Computational modelling enhances cancer drug design

New improvements concerning the way cancer drugs are designed and developed are a step closer as Griffith University develops new computational modelling.

Dr Bela Stantic, a senior lecturer from the School of Information and Communication Technology, has been working on computational modelling of protein structures which play important roles in cancer cell apoptosis (the process of programmed cell death that occurs in multicellular organisms).

Using this model as part of an interdisciplinary collaboration with the Griffith School of Medical Science, Dr Stantic is using innovative modelling which uses genetic algorithm feature-based resampling and machine learning techniques for protein structure prediction.
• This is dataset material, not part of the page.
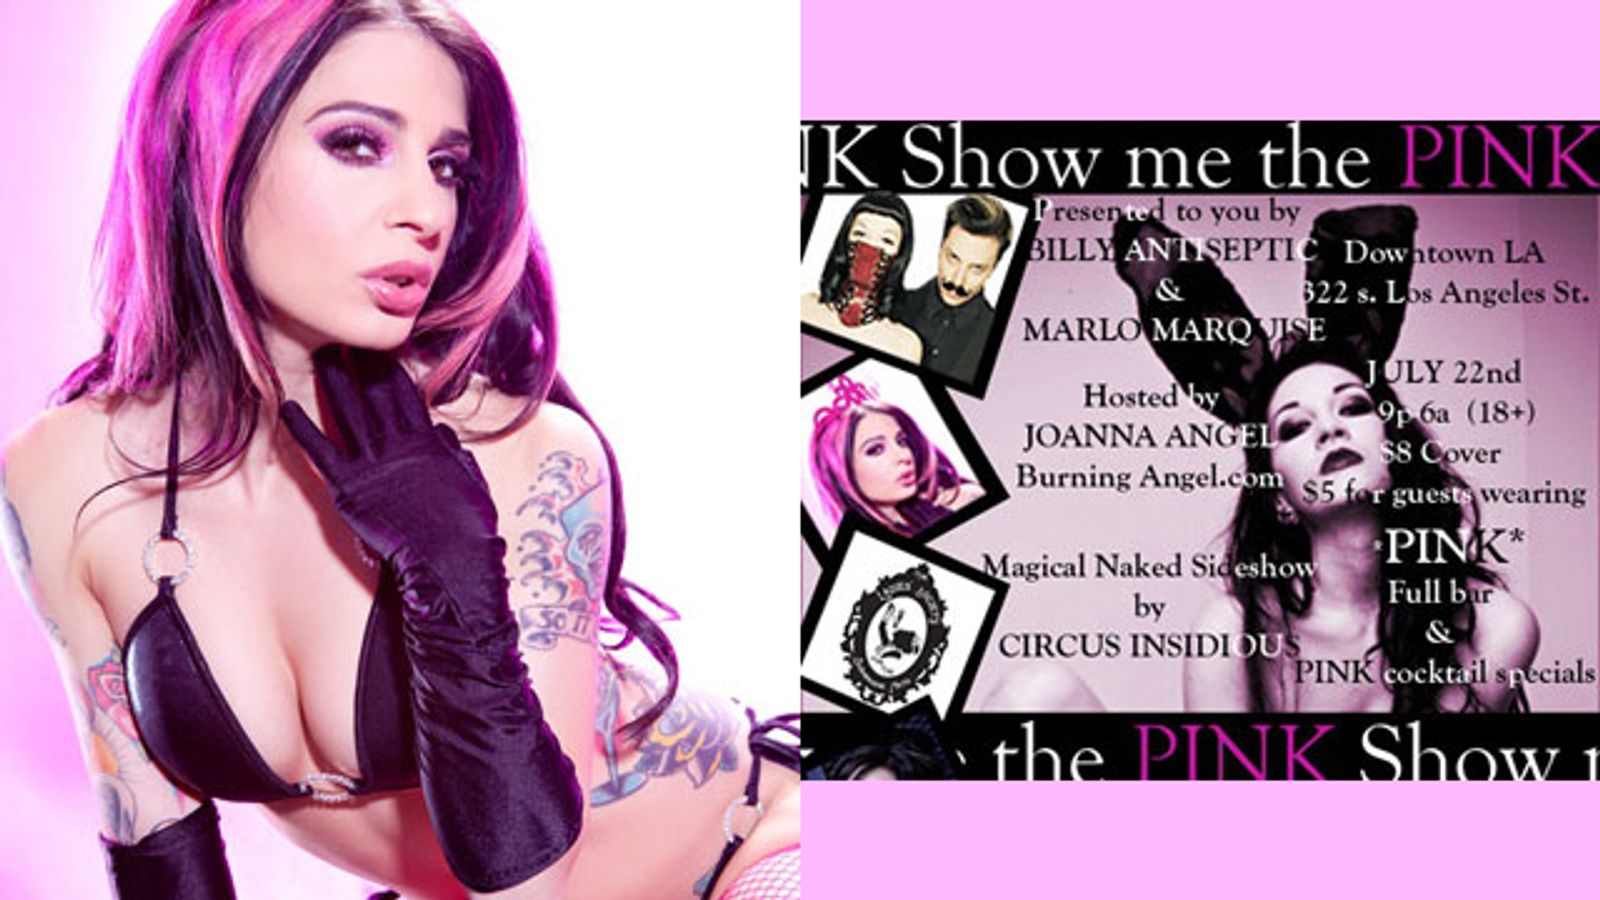 Joanna Angel Hosts The Pink Party in Downtown L.A. Friday Night

"It is very costly and time consuming to experimentally identify 3D structures of proteins using physical methods such as X-ray crystallography or NMR spectroscopy," said Dr Stantic.

"Both these methods require a sample of the protein of interest to work on and that means a long process of identification of the sequence, cloning, expression and purification of the protein. Our computational modelling overcomes these problems and now is at a stage where it can produce a good indication of which structures are useful and should be recommended for further investigation in the laboratory."

Currently the Griffith Health Institute is using Dr Stantic's methodology in a bid to target cancer cells using anti-cancer agents that have the capacity to induce apoptosis. Professor Jiri Neuzil from the School of Medical Science and Griffith Health Institute said: "This computational modelling and experimental research present two very different approaches married together for a better outcome.

"It allows us to obtain a theoretical evaluation of the protein and to design a drug that can have its biological characteristics confirmed more easily following modelling. We can then take it further in being able to both understand the drug's mode of action and get a direction on its target."

Professor Neuzil said he has so far seen some encouraging drug development targeting cancers including breast cancer and mesothelioma.